Node.js Long running Task scenario

MrNode

unread,

Mar 11, 2018, 12:17:46 PM3/11/18

to nodejs

Create a mechanism to support a long running task where we can solve for the mentioned scenario:

A support user starts a baseline upload for an organization. The baseline upload had 100000 rows in the CSV file uploaded, and the support user - right after clicking the “Start” button - realizes that he seemed to have wrongly exchanged data between two adjacent columns. Subsequently, the support user would need to wait until the current request completes, which can be in the magnitude of hours, and since we don't allow 2 concurrent baseline uploads in Labs right now, this implies he would not be able to upload the correct file till this task completes. Once done, the user would need to remove those 1 lac entries, and finally upload the correct file.

How I can write code in Node.js to solve this problem.

Zlatko

unread,

Mar 13, 2018, 11:26:57 AM3/13/18

to nodejs

Hi MrNode,

This is way too generic task description to be node-specific. We don't know how is the file processed. We don't know how is this CSV processing needs to be atomic or not - it seems yes, but not clear. We don't know if you can abort it or not. We don't know if you want to block the upload function completely or you merely block it because you can't abort the previous job. Such a thing needs to be designed with the task specifics in mind.

Here are a few scenarios, depending on your requirements.

Under assumption that the 100,000 rows in the CSV are individual "work items", and the whole CSV of them is a "batch of work", you can, on upload, simply create a queue of 100,000 things to process. Also, hold a hashmap of these work items, so you can address them by the batch. Also have a work dispatch protocol and a node Microservice that takes the rows to processing, one by one, and take them off this batch queue into another queue, "pending batch finish". Once it is all completed, mark those "pending finish" as "completely completed" and clear the batch. Expose a "Cancel batch work" functionality to user, if they click "cancel current batch", you clean up all the pending tasks so that your worker microservice stops processing these. Also, mark the batch as canceled, so you can clean up the work items that were already completed.

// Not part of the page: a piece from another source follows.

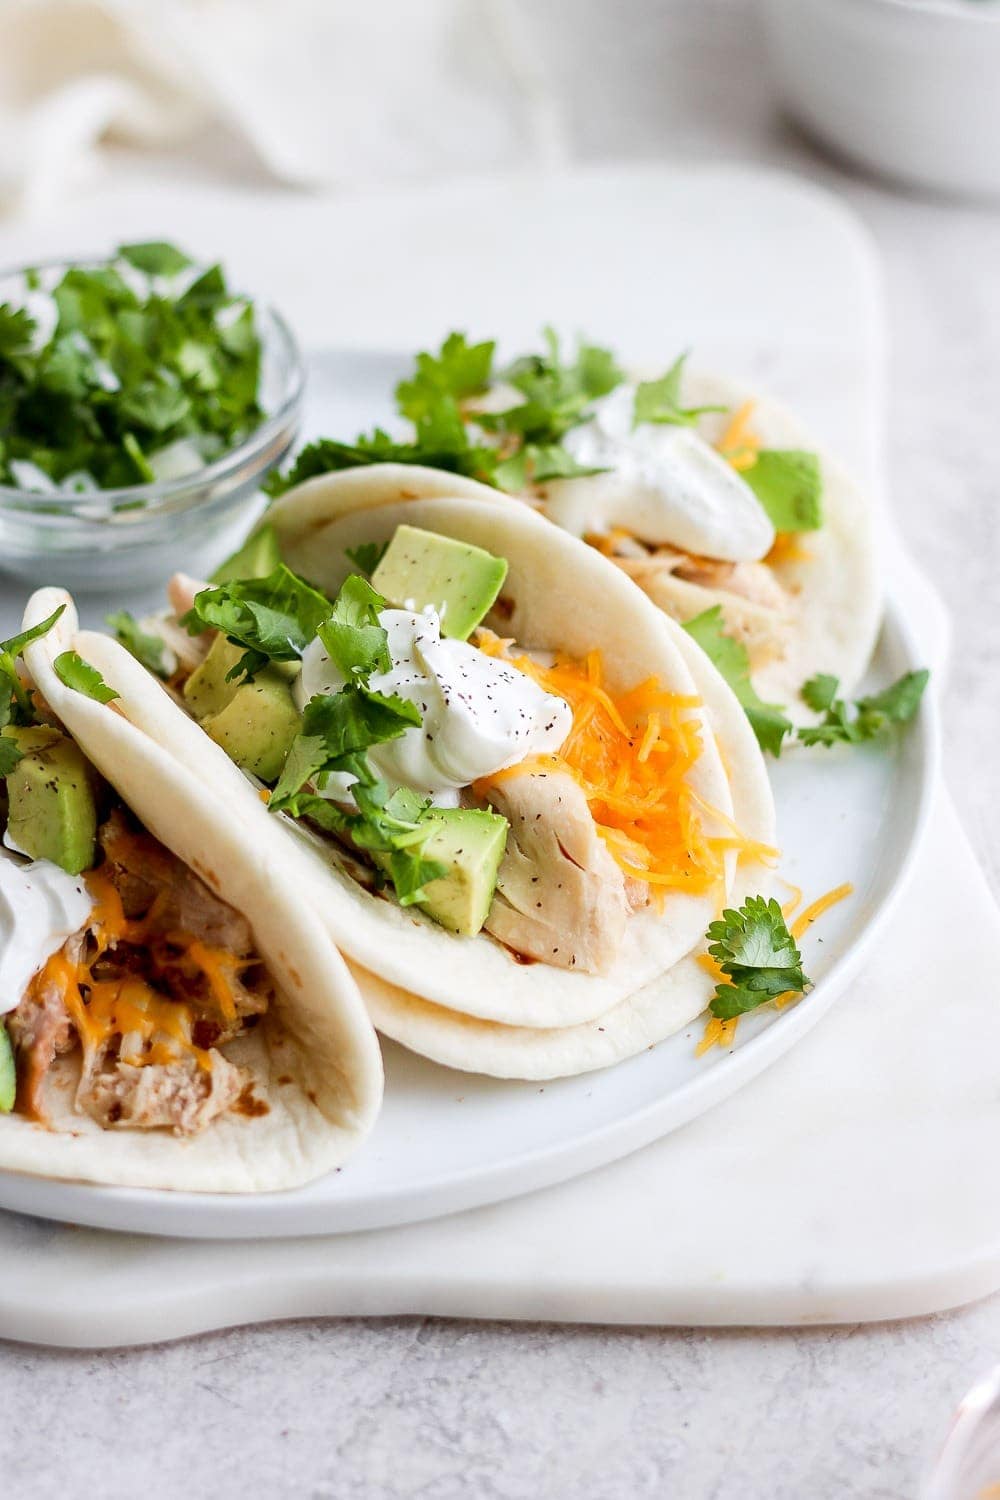 shredded chicken tacos on a plate

If you can't break processing into items (maybe you're aggregating things over those 100,000 rows), perhaps you can run this aggregation in an interruptible loop. Then your "Cancel batch work" would first check if there are running aggregations and interrupt/abort them, then proceed as planned and run the new file.

Your least flexible option, e.g. you cannot stop the processing once it has started, is to at least provide upload queue - the first file uploaded is getting processed, and now you expose an endpoint where you can upload additional CSVs. They are just sent to server and are waiting. You can still cancel those "pending" CSVs and upload new ones instead, even if ytou can't break the main, running CSV. Then expose a simple "status" endpoint where you can indicate your status to the user, e.g. "processed 40,000 of 100,000 rows, 3 CSVs pending processing".

You would have to keep all those locks and things outside the running process - Redis is probably the simplest to use - because you might be running these tasks (upload, processing, statuses) on different servers, or at the very least, different workers in your Node cluster instance.

But these are very rough guesses. With a lot more details, I could provide a better overview. Shoot if you have other questions.

Murukesh Sadasivan

unread,

Mar 14, 2018, 10:45:01 AM3/14/18

to nodejs

Adding to Zlatko anwser,

You definitely need a queuing system (or probably is using it already). That is because it's a long running job from what I understand (as you mentioned magnitude of hours). The queuing system can be a simple custom solution based on a database or even plain filesystem or full-fledged queueing systems like ActiveMQ etc. You can implement without a queueing system as well, but this makes the program very robust and can survive restarts etc.

Now all you need to do is embed a batchId for each batch request that the user is submitting. So the support user can reload the web page etc and see that his batch is in progress and have option to cancel it if needed. Now he can press the cancel button to request a cancellation of his process and this will mark that batch with batchId as cancelled in a table or a variable. Now in between processing the batch job processor can check if the batchId is cancelled or not. It will process the items from the batch only if the batchId is not cancelled otherwise it will drain the remaining workItems if using a queuing system (or delete from table, if using a database system) and mark the batch as cancelled.